Prep 20 mins
Cook 20 mins
Adapted from an australian women's weekly magazine Low fat and quick to make.
- 2 tablespoons honey
- 1⁄3 cup soy sauce
- 2 tablespoons dry sherry
- 1 teaspoon five-spice powder
- 20 g fresh ginger, grated
- 1 tablespoon peanut oil
- 4 chicken breast fillets
- 4 flat mushrooms
- 500 g baby bok choy, quartered
- 1 cup chicken stock
- 2 teaspoons cornflour
- 2 tablespoons water
- salt and pepper
- 2 garlic cloves, crushed
- 1 pinch cayenne pepper
- combine honey, soy sauce, sherry, 5-spice, ginger, garlic, salt and pepper and creyene pepper with the oil in a small jug.
- place chicken in a med bowl with half of the honey mixture, toss to coat chicken in the marinade, cover, refrigerate for 10 minute.
- meanwhile cook mushrooms and bok choy, in batches, on a heated oiled grill plate (or barbecue) until just tender. cover to keep warm.

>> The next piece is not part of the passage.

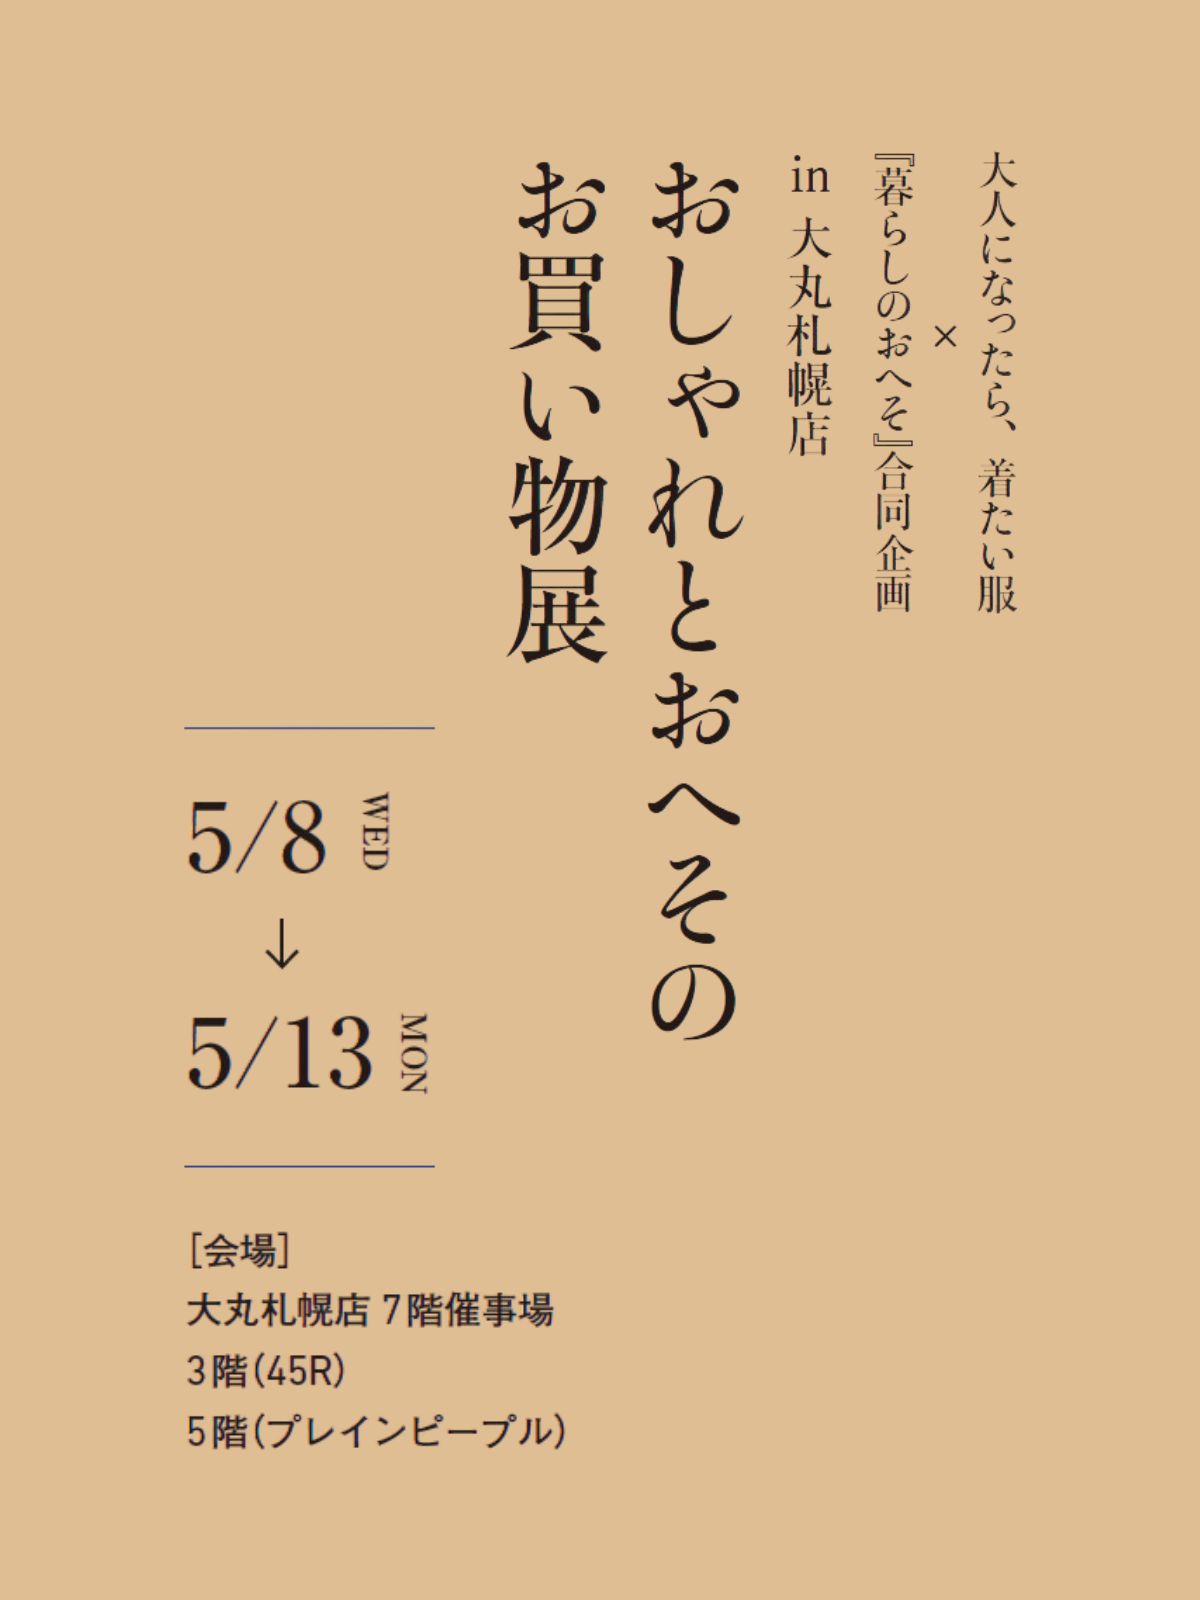 【大丸札幌店 POP-UP 開催！】5/8 (水) - 5/13 (月)

- drain chicken but keep the marinaded honey.
- cook chicken on the same oiled plate until browned on both sides. cover and stand for 5 min, then slice thickly.
- meanwhile, combine the remaining honey mixture in a small saucepan with the stock.
- bring to the boil, stir in blended cornflour with the water, cook stirring, until sauce boils and thickens slightly.
- divide mushrooms and bok choy among serving plates, top with chicken and pour over the sauce.